A claim ("session X owns migration 103") is coordination. It belongs in the ledger. A fact ("the next free number") has a source of truth in the repo and should be derived at the moment it's needed, never cached in a document that cannot know it has gone stale.

A small machine-readable state file now mirrors the human ledger: tier SHAs, merge lock, open claims. Both are updated in the same edit. The prose is for humans. The YAML is for agents.

Contracts Beat Prose Rules

One more finding: about a quarter of agent completion reports claimed "merge-ready" while still listing unresolved review findings.

The rule against this existed, in prose. Prose rules get re-litigated.

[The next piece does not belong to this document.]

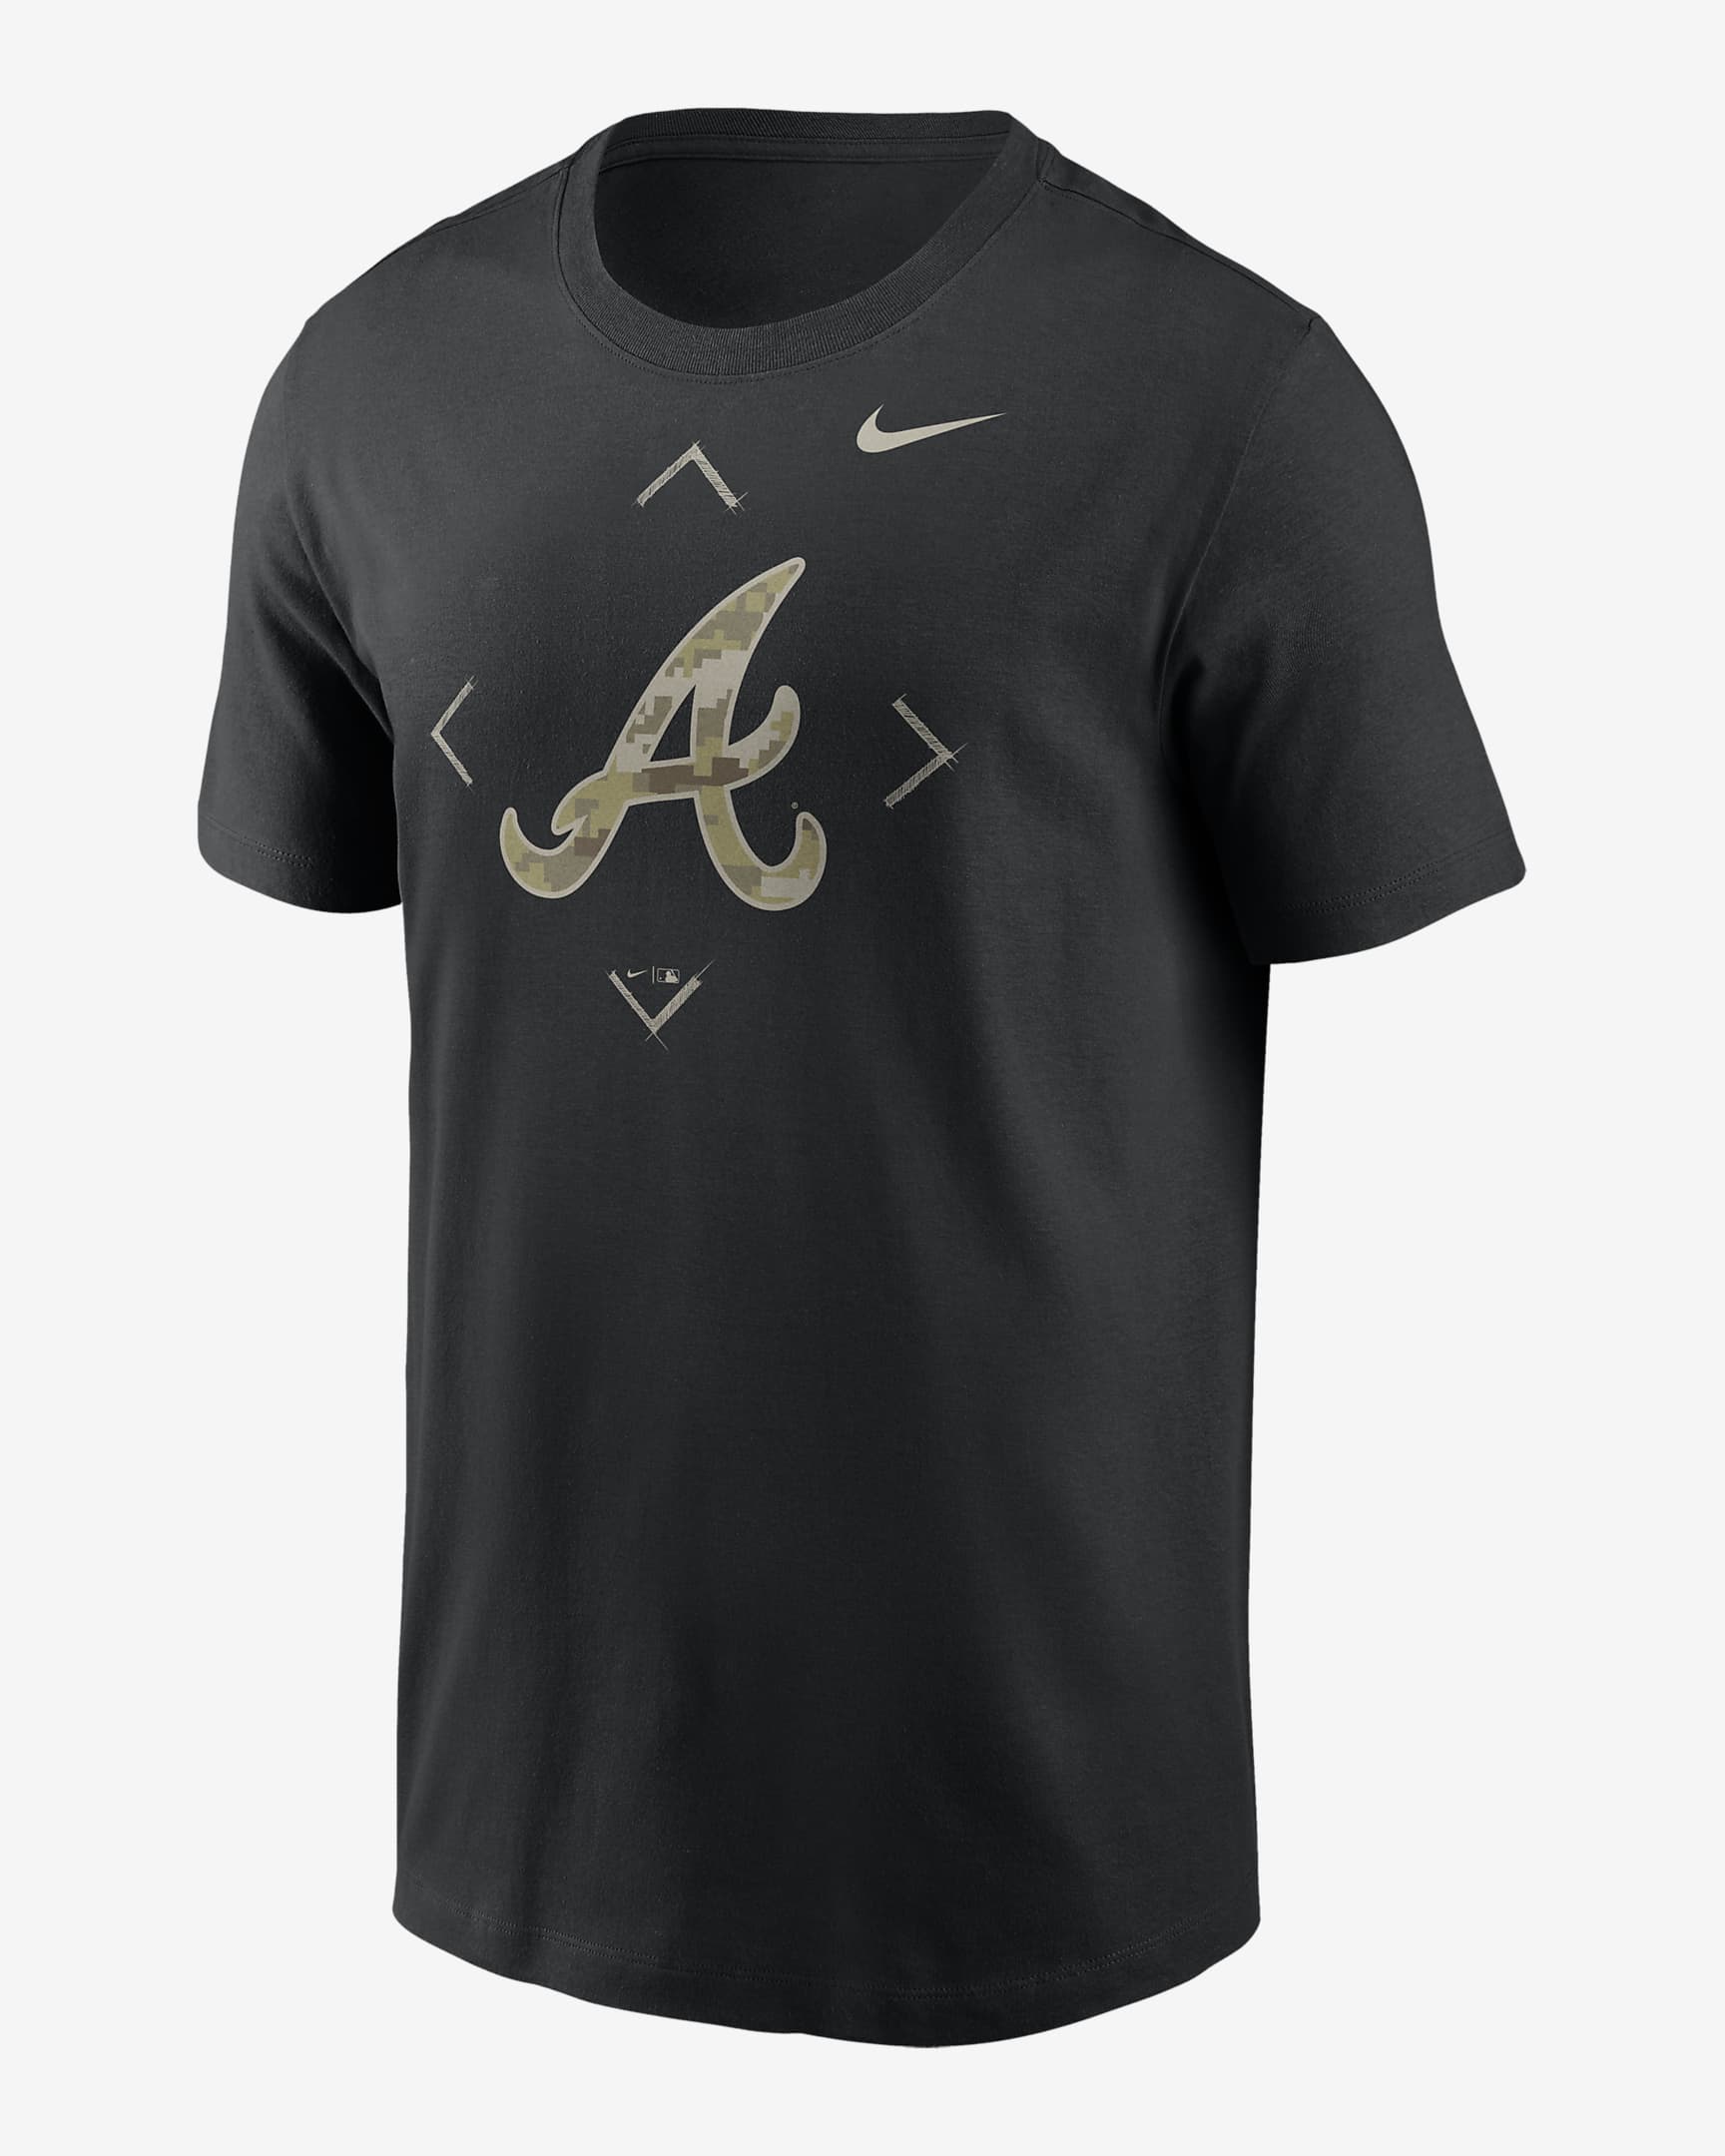 Playera Nike de la MLB para hombre Atlanta Braves Camo Logo. Nike.com

Now every build agent must end with a structured completion block:

json
{
  "tsc": "0 errors",
  "unit": "pass",
  "guards": ["trade-flow: pass"],
  "findings_outstanding": 0,
  "blocked": null
}

A report with findings_outstanding > 0 gets bounced. Mechanically, with no discussion. The orchestrator stopped being a negotiator and became a gate.

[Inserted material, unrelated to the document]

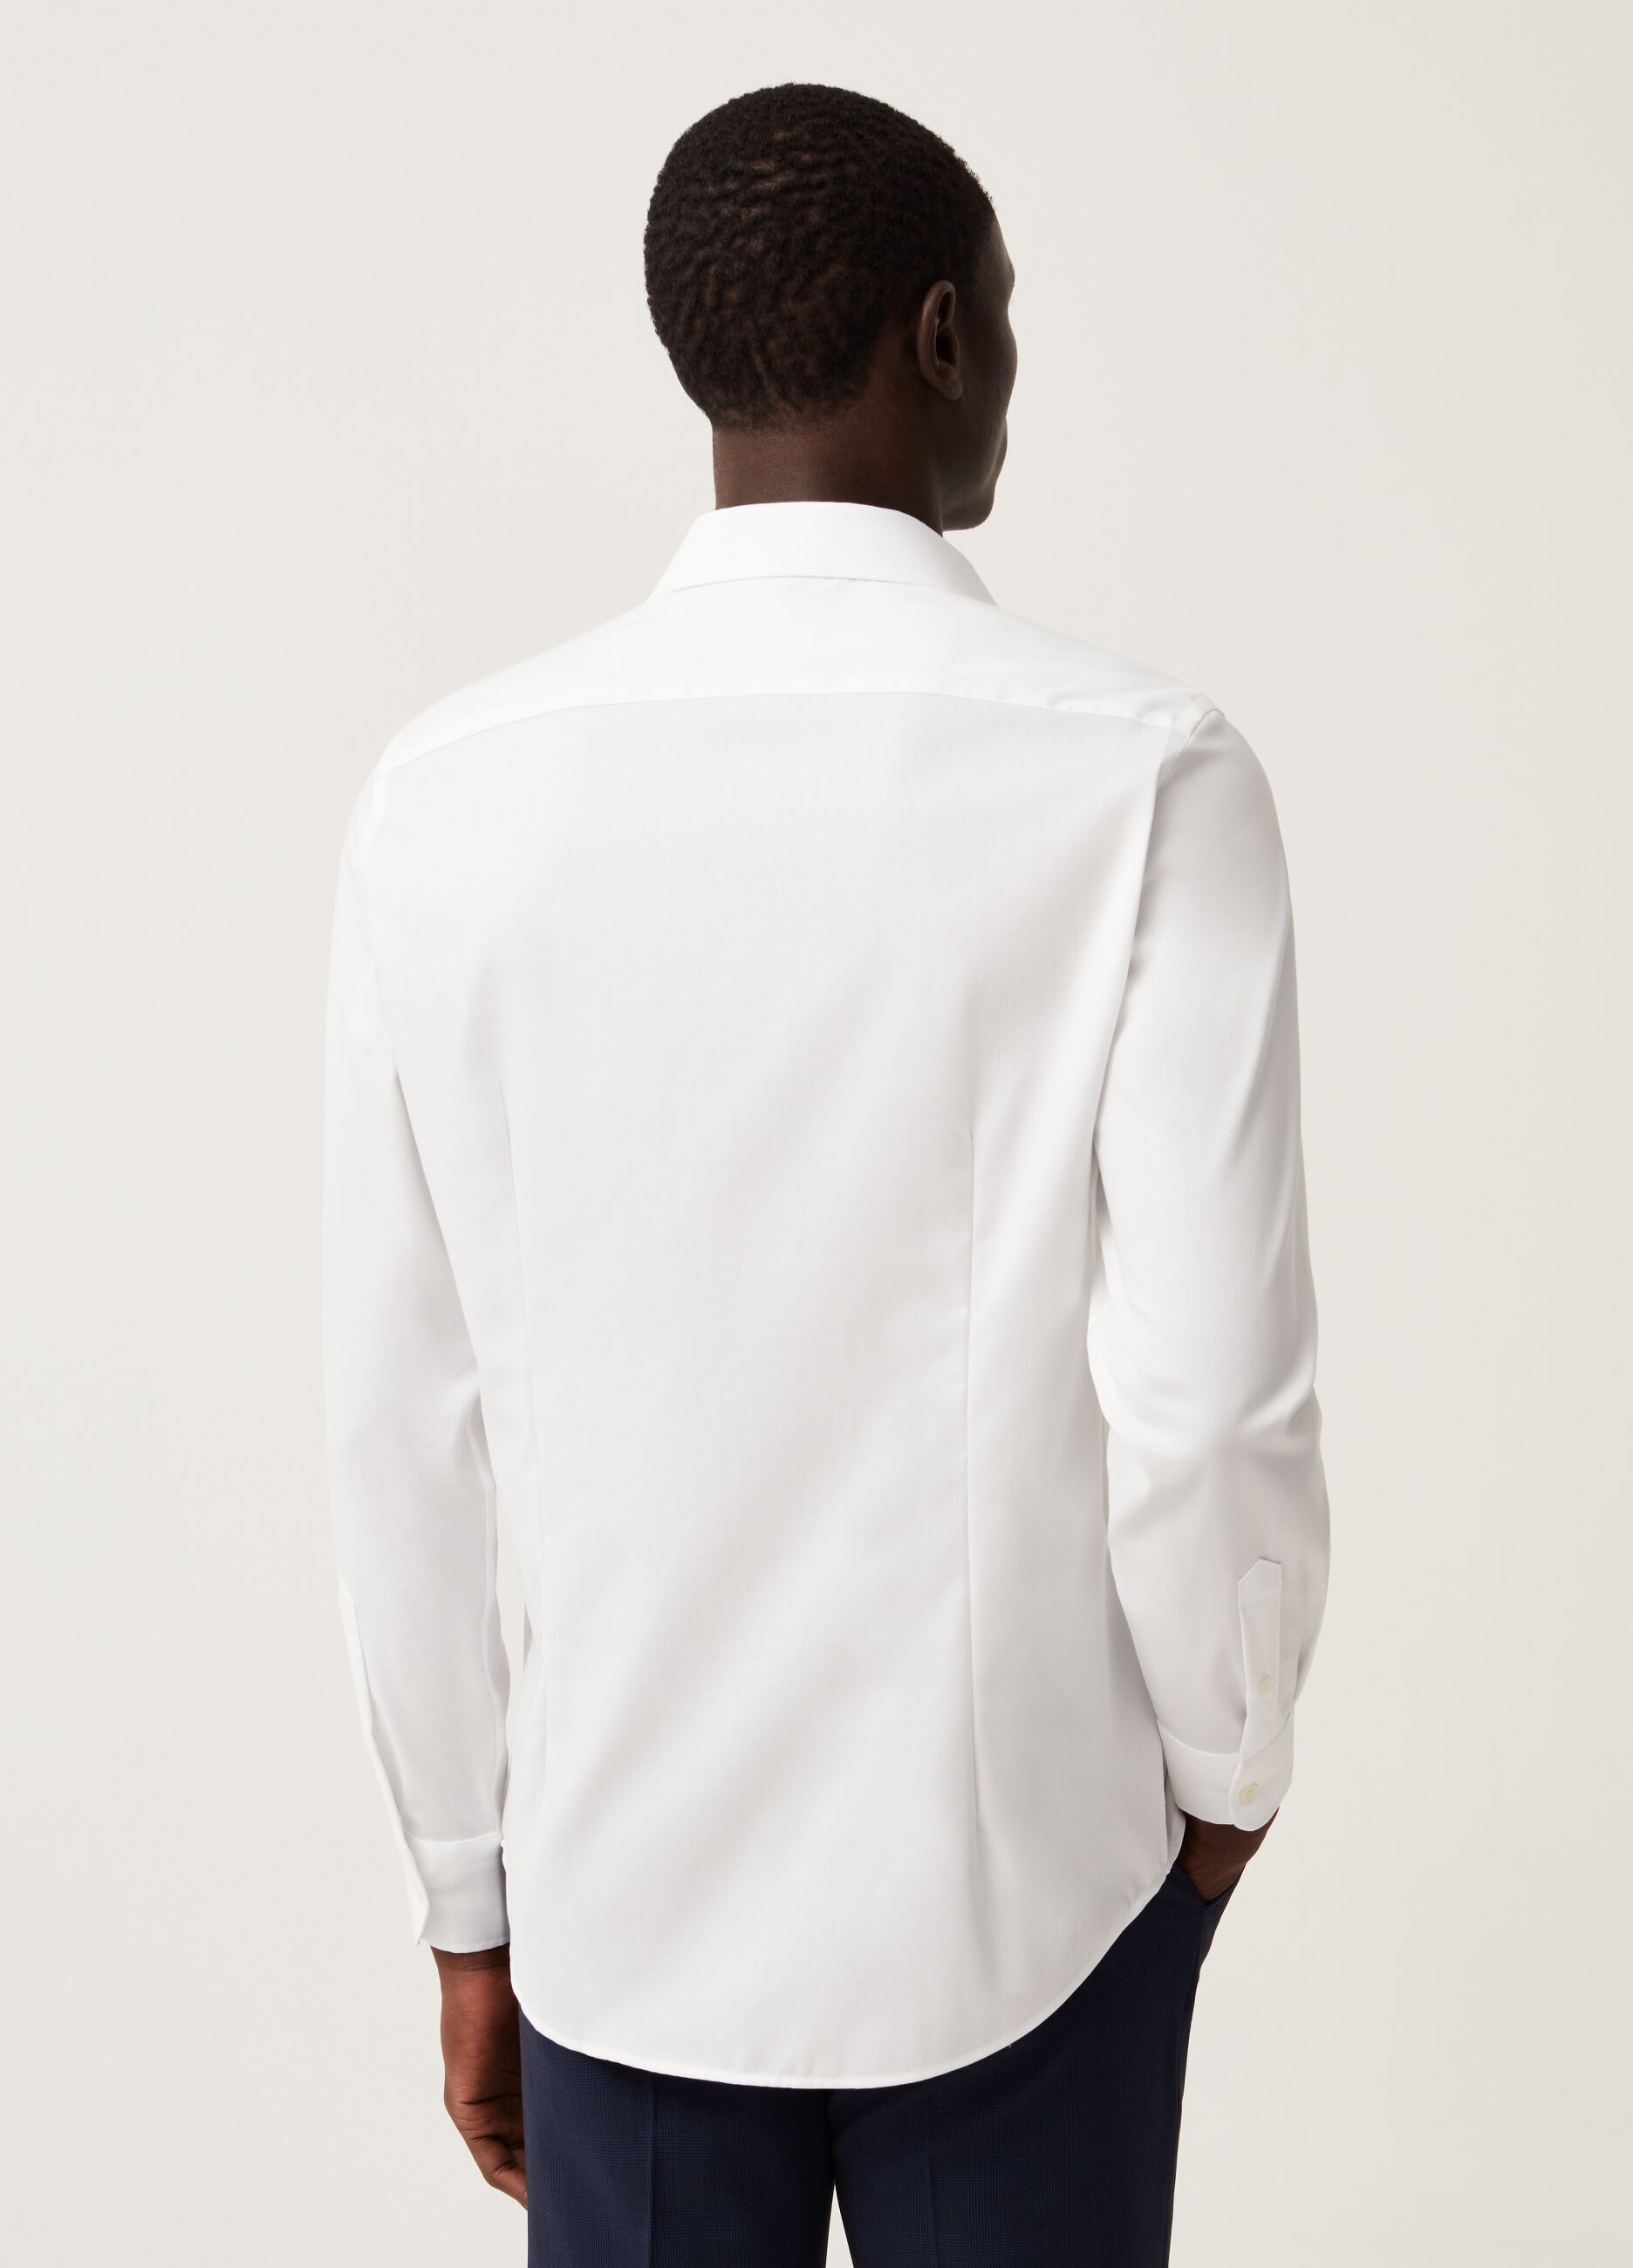 Camisa slim fit de algodón sin plancha en color liso.

Then the Pipeline Tested Itself

Hours after the optimization shipped, something unplanned happened. Two triage runs (one booted by the operator, one delegated to a background agent) raced into the same session directory, minutes apart, neither aware of the other.

Two fully independent analyses of the same 35 open tickets.

They agreed on everything material:

  • Same open count, same status histogram
  • Same deploy-state snapshot
  • Same carve-outs, down to the individual tickets awaiting stakeholder answers
  • Same core grouping of the actionable work

Different group names. Identical conclusions.

When two independent runs converge on 35 of 35 tickets, the outcomes are not riding on model temperature or session luck. The protocol is carrying the work. That is the property you want before handing a pipeline more autonomy, and you usually only get to observe it by accident.

Every Collision Is a Missing Lock

The collision still exposed a gap.

The merge queue had a lock. The migration numbers had claims. The triage directory had neither. Nothing said "this run is taken."

The fix took one paragraph in the protocol: the first action of any triage run is now writing a claim file into the session directory. A claimed directory means boot a second round or ask the operator.

One duplicated hour of compute bought a permanent coordination guarantee, and the duplicate run doubled as the validation study.

The Numbers

MetricBeforeAfter
Session ledger116 KB5 KB
Shipped-pending log69 KB9 KB
False "merge-ready" claims~25% of reportsBounced by schema
Stale-derived state incidents20 (derived live)
Independent triage agreementuntested35/35 tickets

Takeaways

  • Coordination files are working memory. If every agent reads a file at boot, history does not belong in it.
  • Store claims, derive facts. Anything with a source of truth goes stale the moment you write it down somewhere else.
  • Put contracts in the completion format, not the instructions. Schemas get enforced; prose gets re-litigated.
  • Two independent runs agreeing on the same inputs is a better trust signal than any benchmark.
  • Every collision is a missing lock. Fix the protocol, not the participants.

The bottleneck in this pipeline was never the models. It was the filing system.